# Your assignment
Each line of the data below should be restated exactly, with images left out.

# Input data
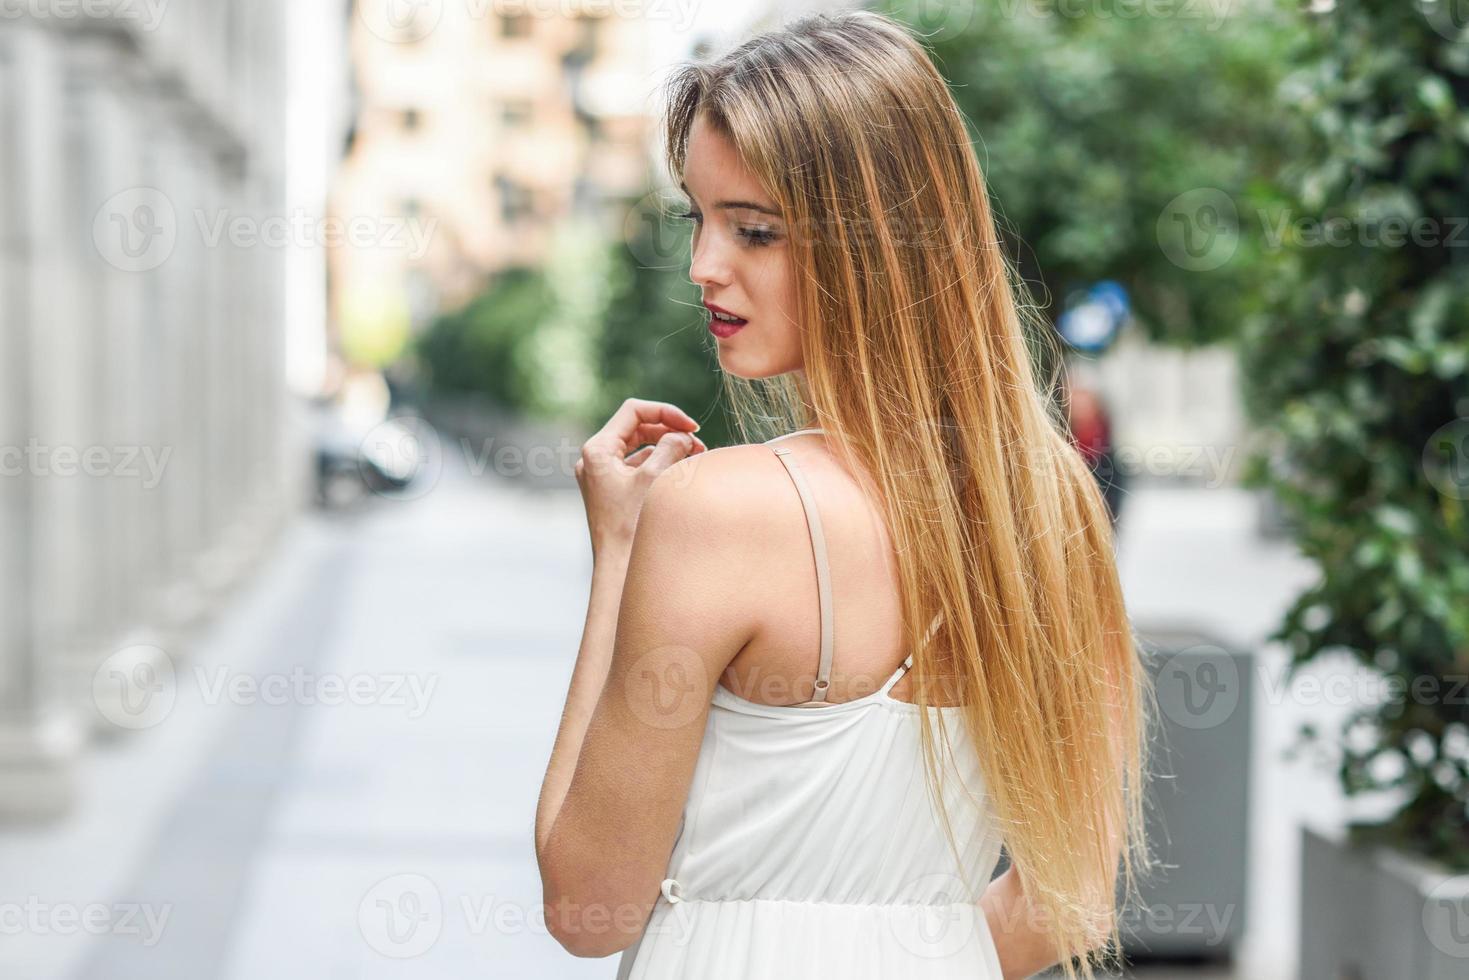 schönes blondes Mädchen im städtischen Hintergrund foto
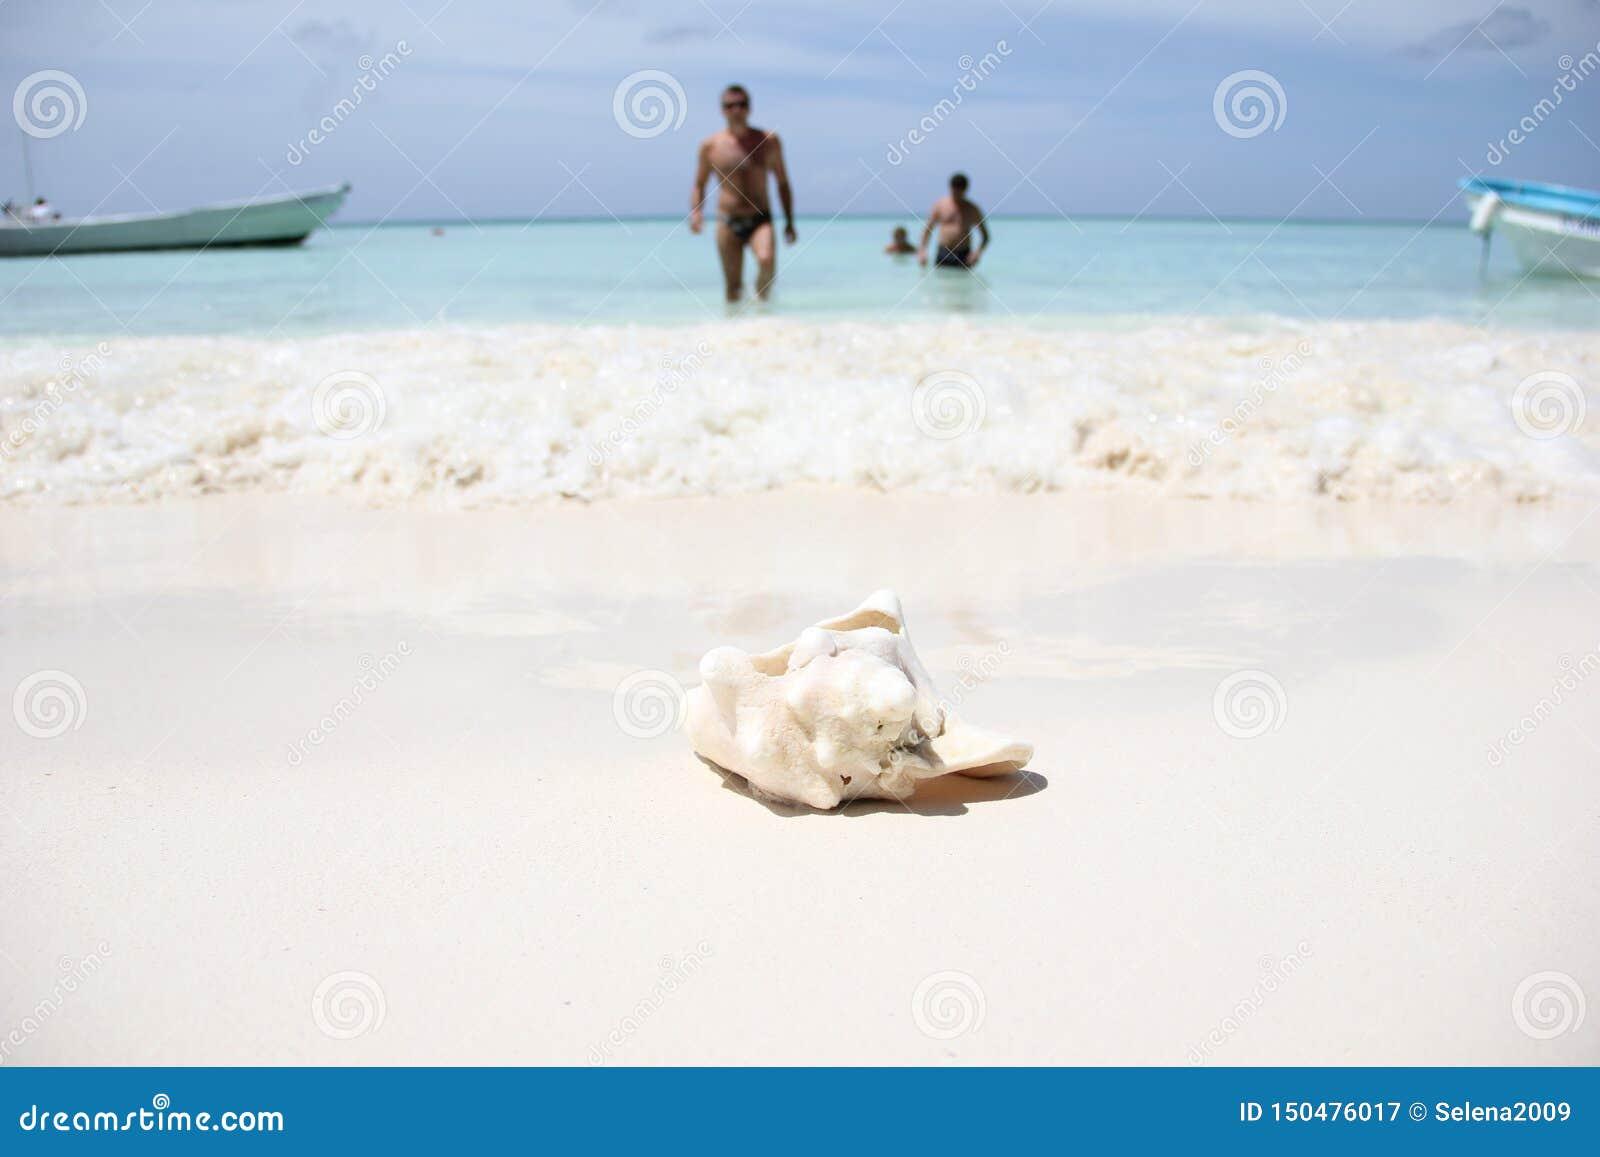 Большая раковина океана розовых mother-of-pearl gigas Strombus лежит на белом песке на карибском море на острове
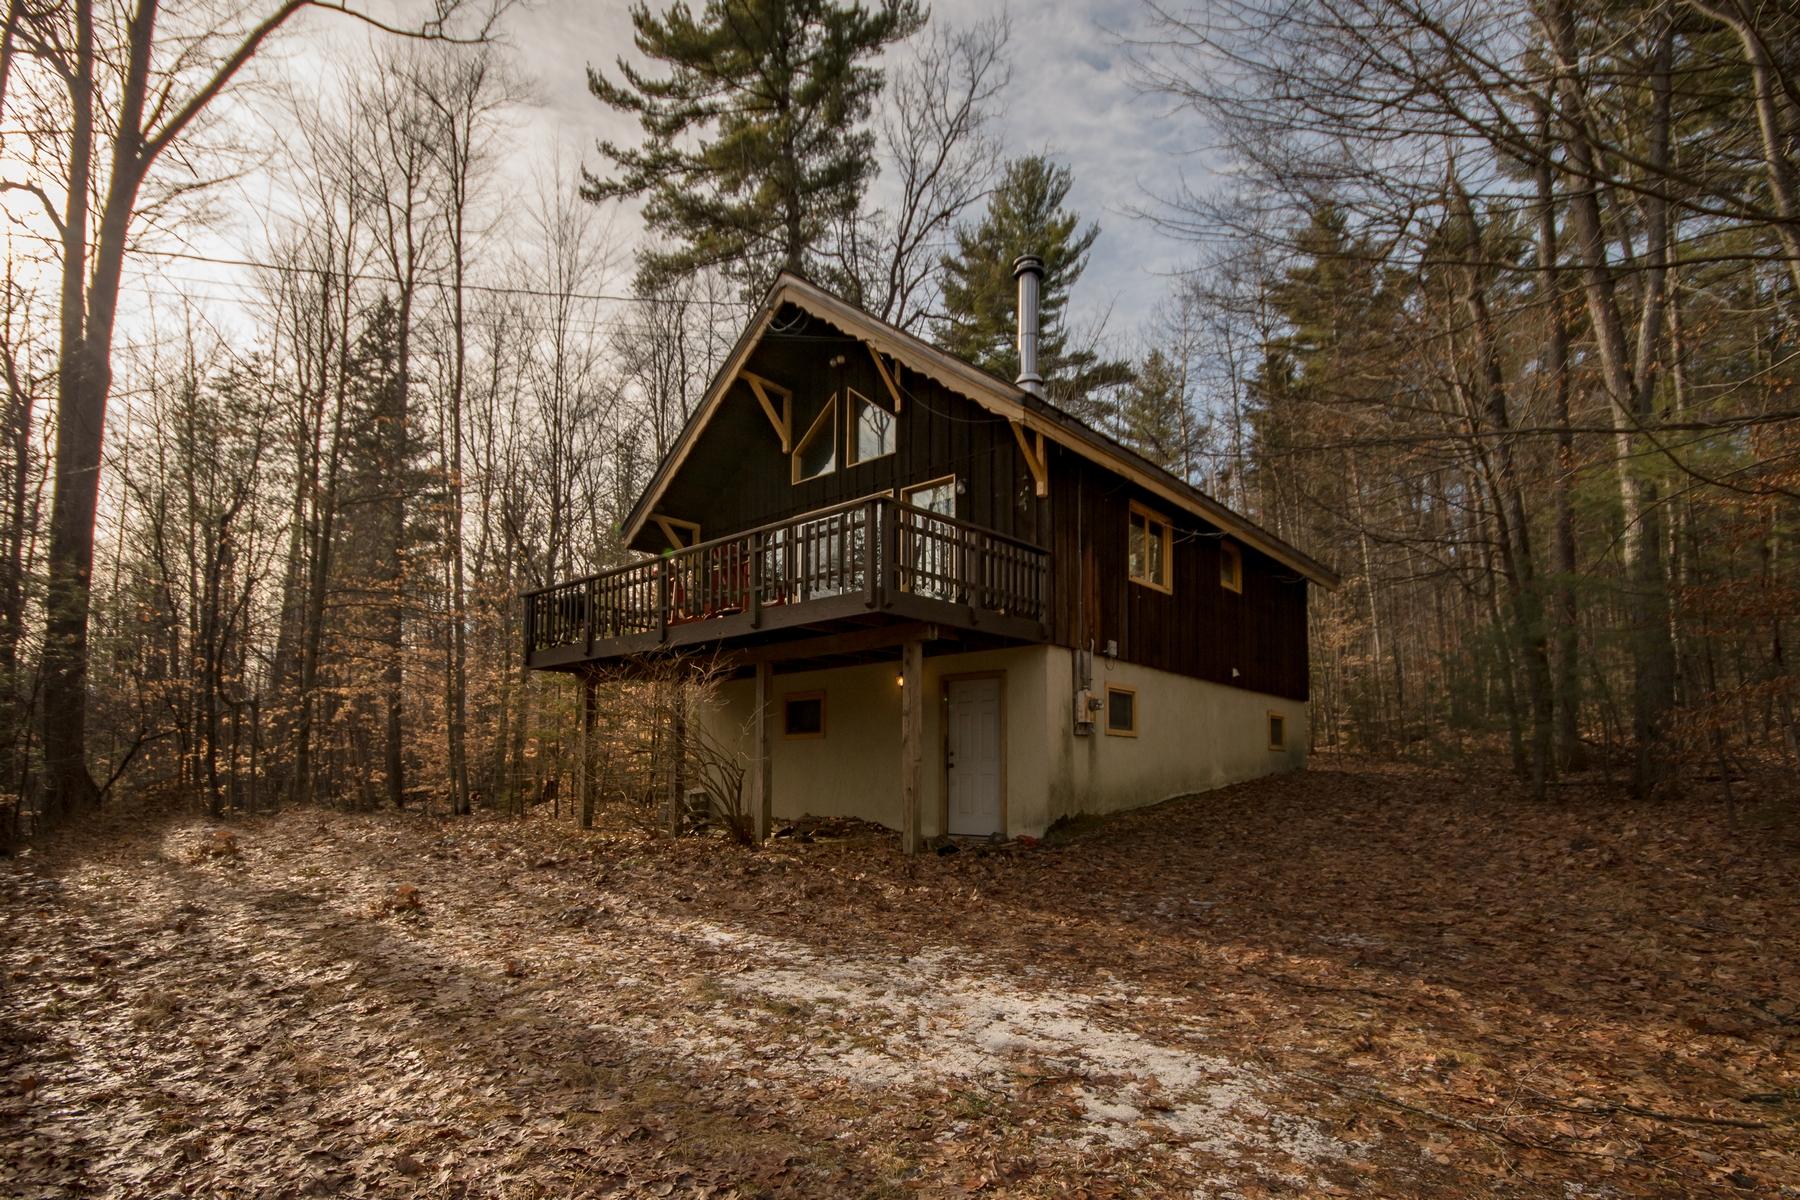 Частный односемейный дом для того Продажа на Private Chalet 28 Ash Lane Jay, Нью-Йорк 12941 Соединенные Штаты

# Solution for this task
 schönes blondes Mädchen im städtischen Hintergrund foto
 Большая раковина океана розовых mother-of-pearl gigas Strombus лежит на белом песке на карибском море на острове
 Частный односемейный дом для того Продажа на Private Chalet 28 Ash Lane Jay, Нью-Йорк 12941 Соединенные Штаты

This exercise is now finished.